• _Aim of the exercise_
Could you set down the listing below exactly and omit its images?

• _Information supplied_
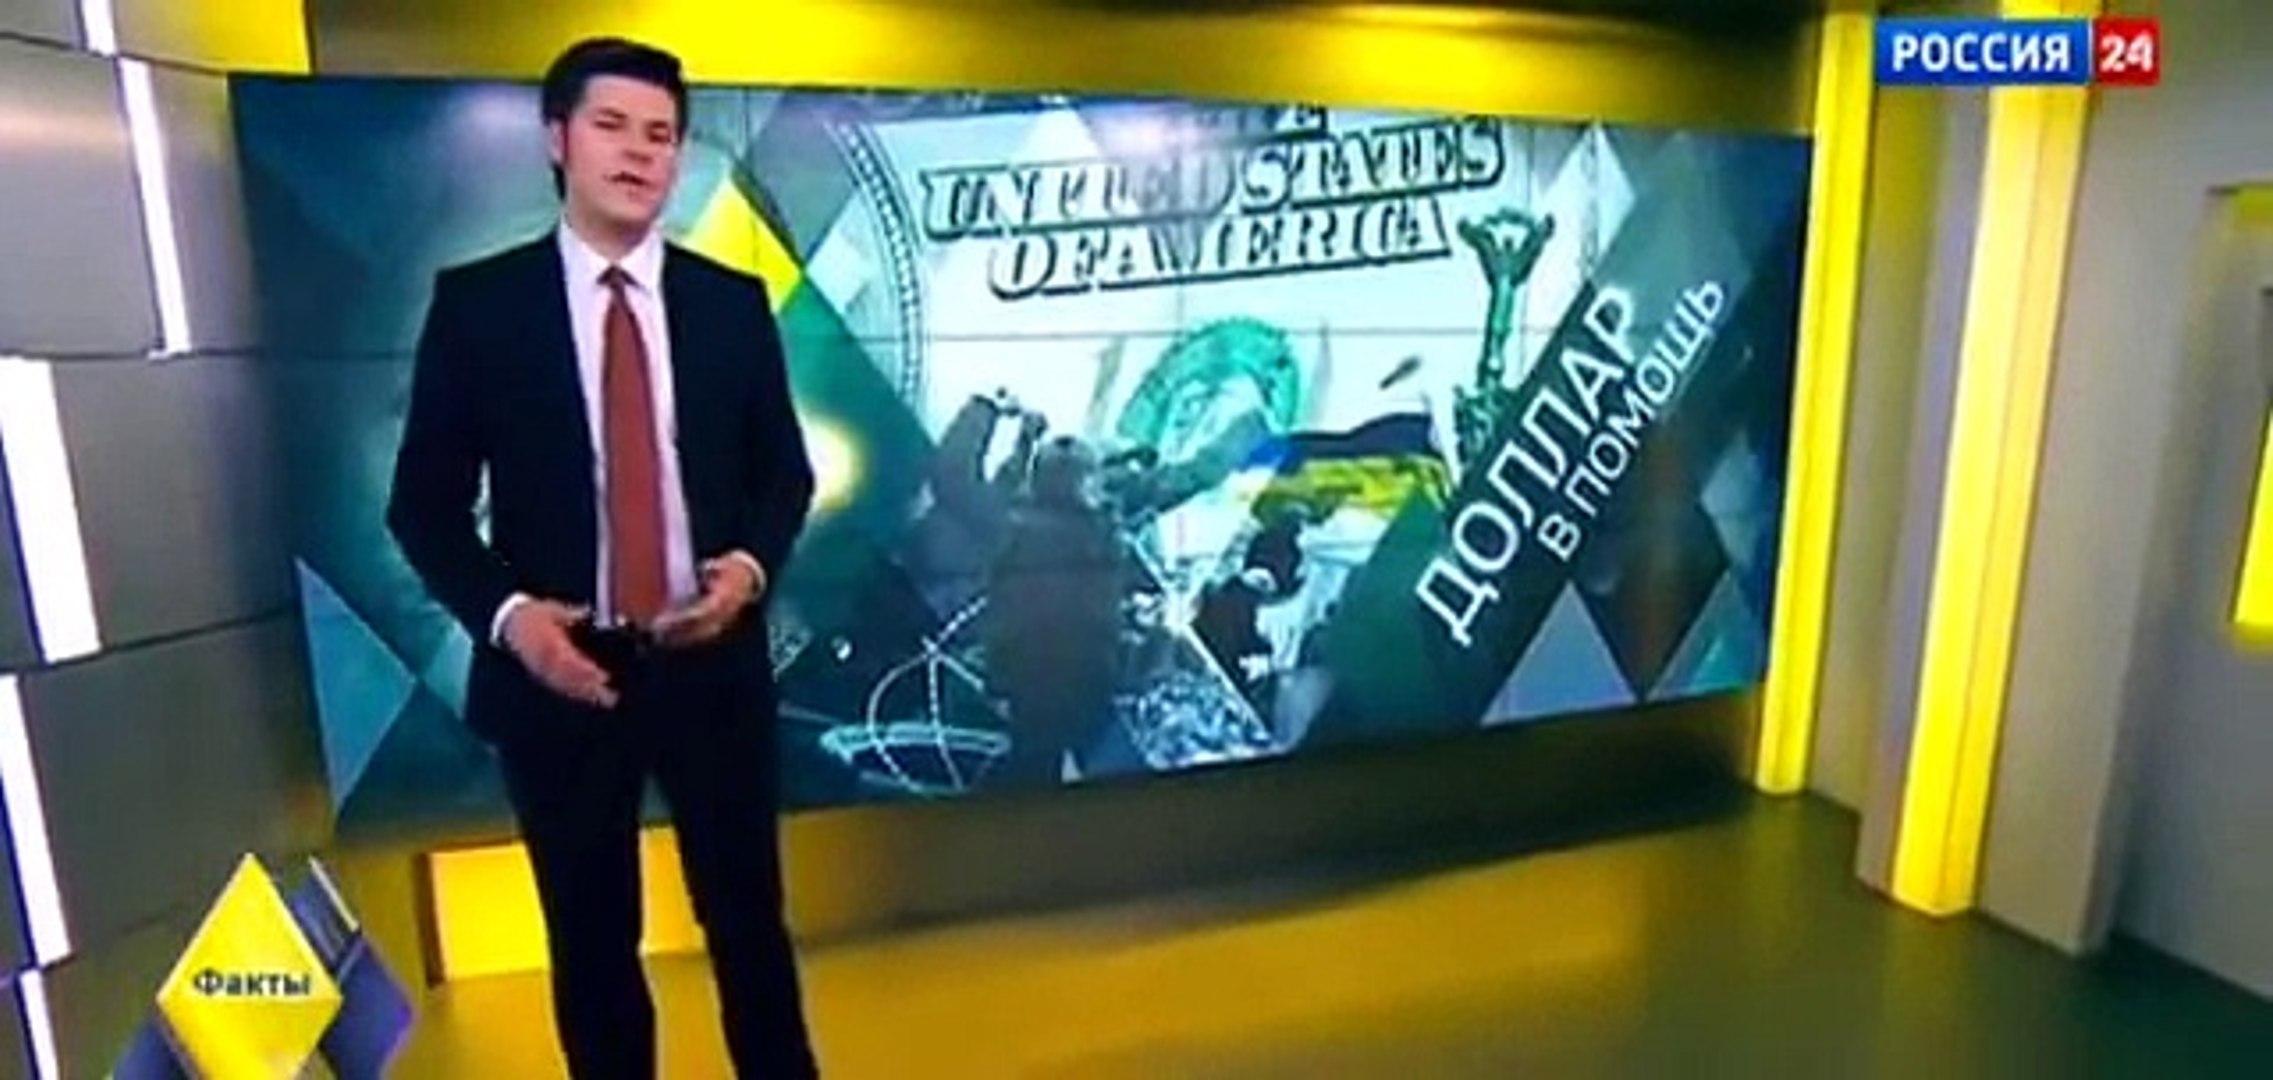 Доллар в помощь «Факты» 22 04 2014
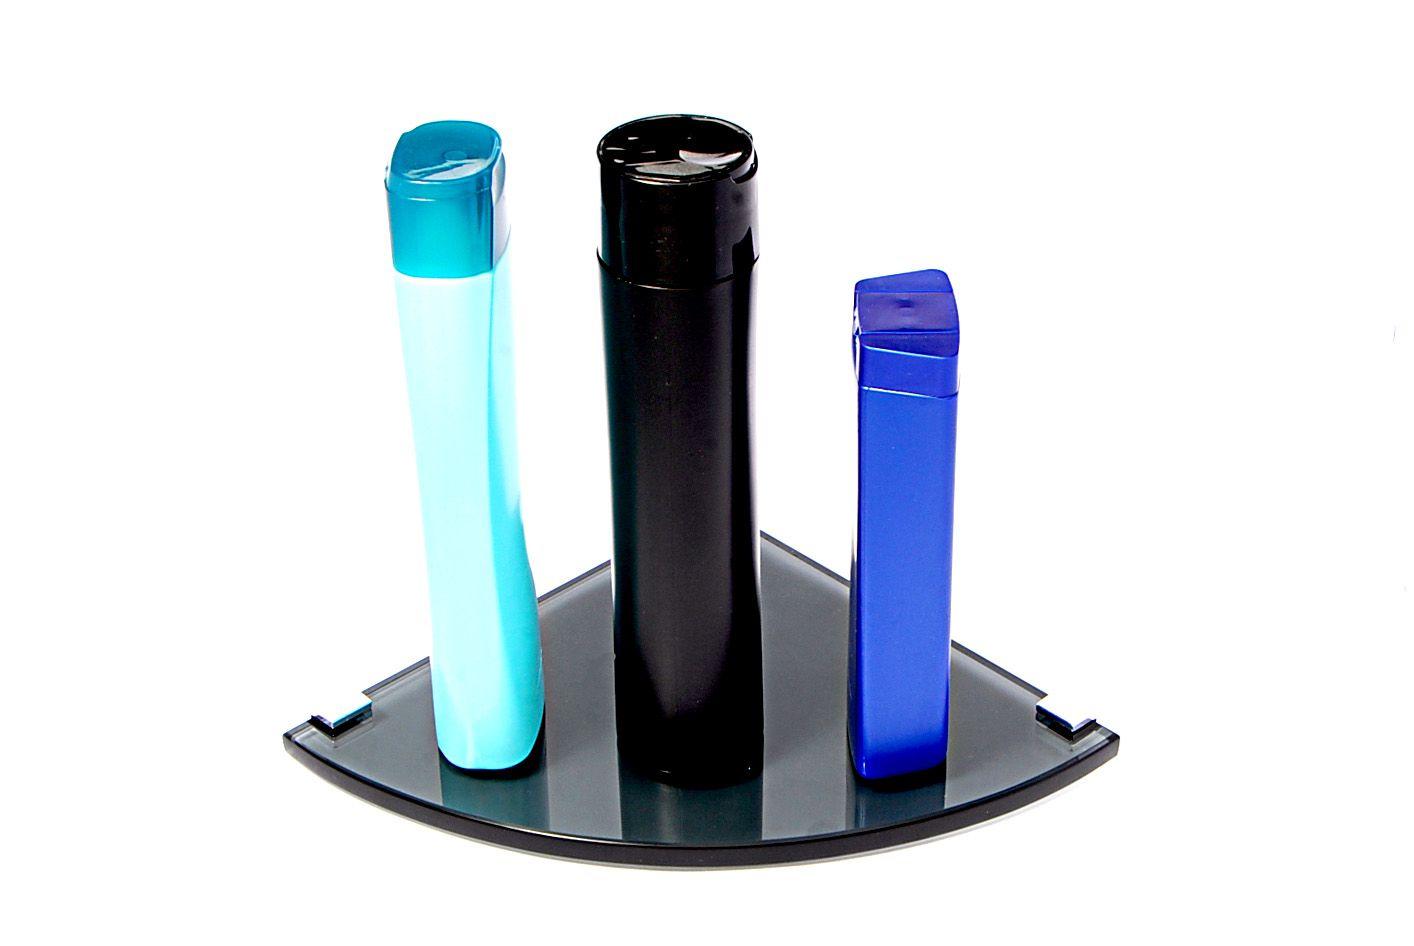 Porta Shampoo de Canto Curvo em Vidro Fumê Lapidado - Aquabox  - 20cmx20cmx10mm
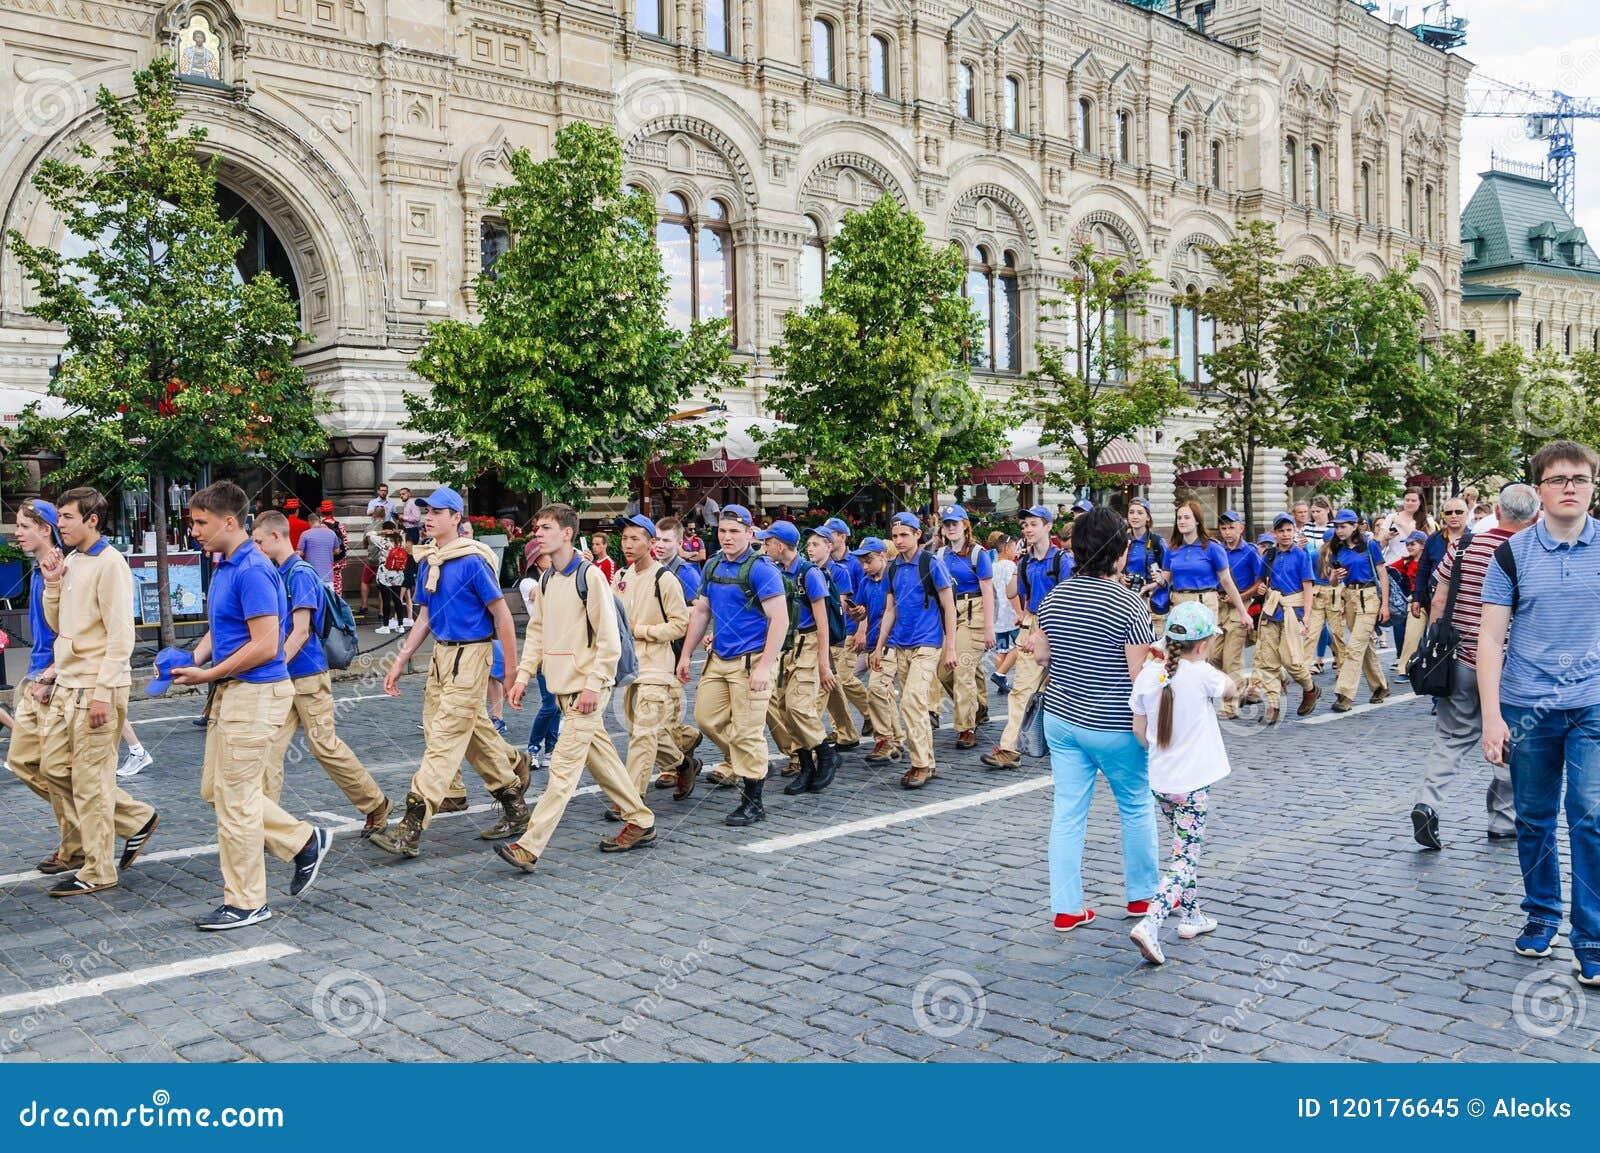 Eine Gruppe Jugendlichtouristen in der Uniform des Sommerlagers gehen in Paare auf dem roten Quadrat
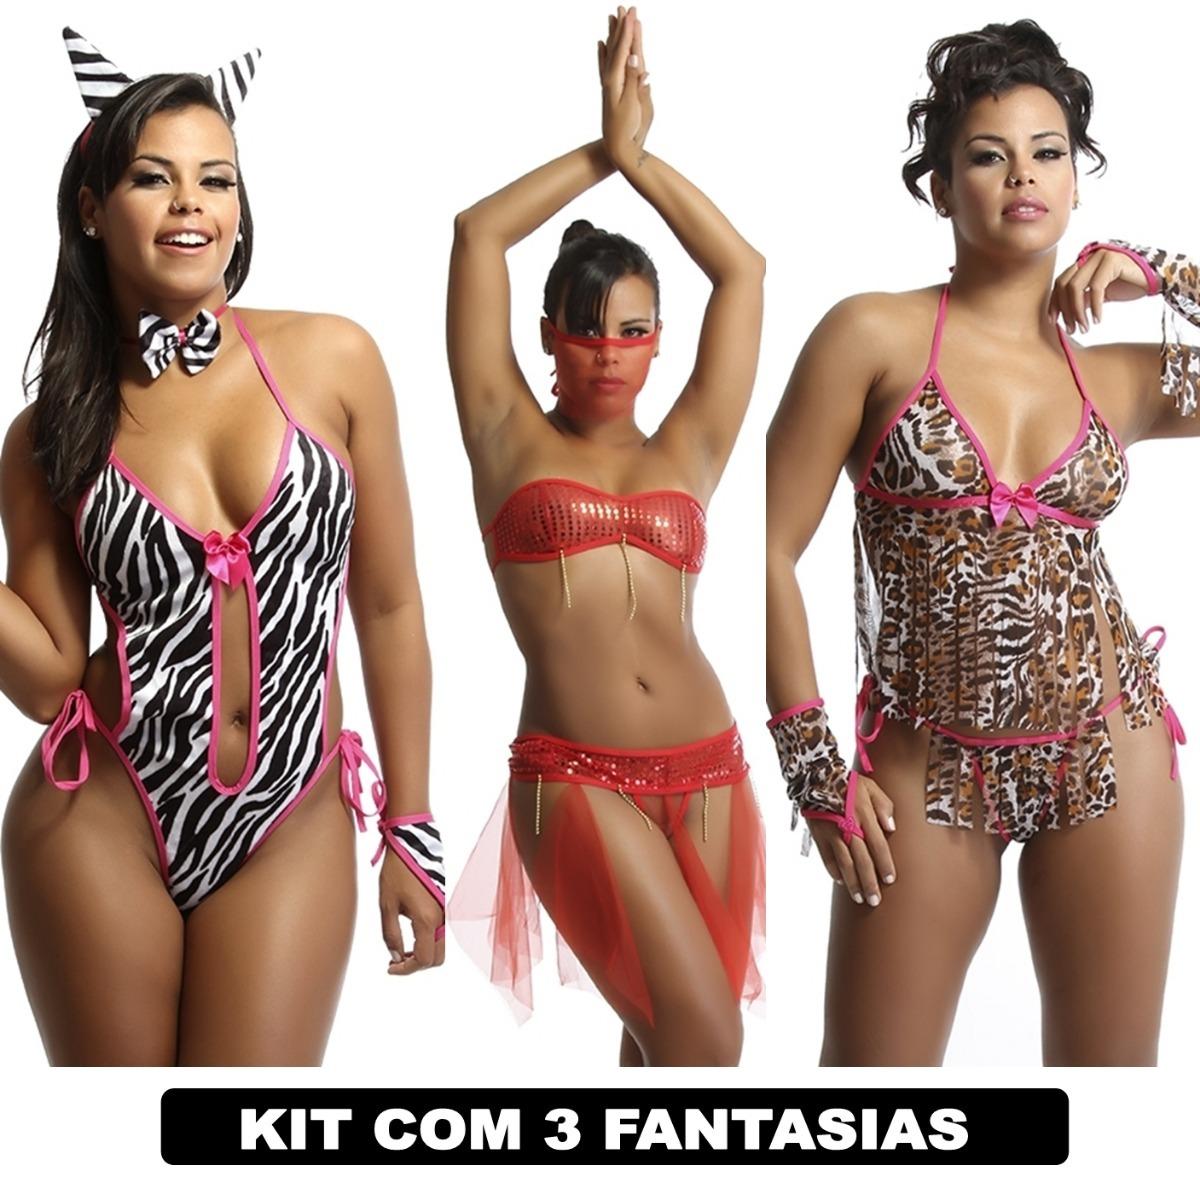 b145d496c moda intima lingerie atacado sensual kit com 3 lingerie. Carregando zoom.

• _Result for this exercise_
 Доллар в помощь «Факты» 22 04 2014
 Porta Shampoo de Canto Curvo em Vidro Fumê Lapidado - Aquabox  - 20cmx20cmx10mm
 Eine Gruppe Jugendlichtouristen in der Uniform des Sommerlagers gehen in Paare auf dem roten Quadrat
 b145d496c moda intima lingerie atacado sensual kit com 3 lingerie. Carregando zoom.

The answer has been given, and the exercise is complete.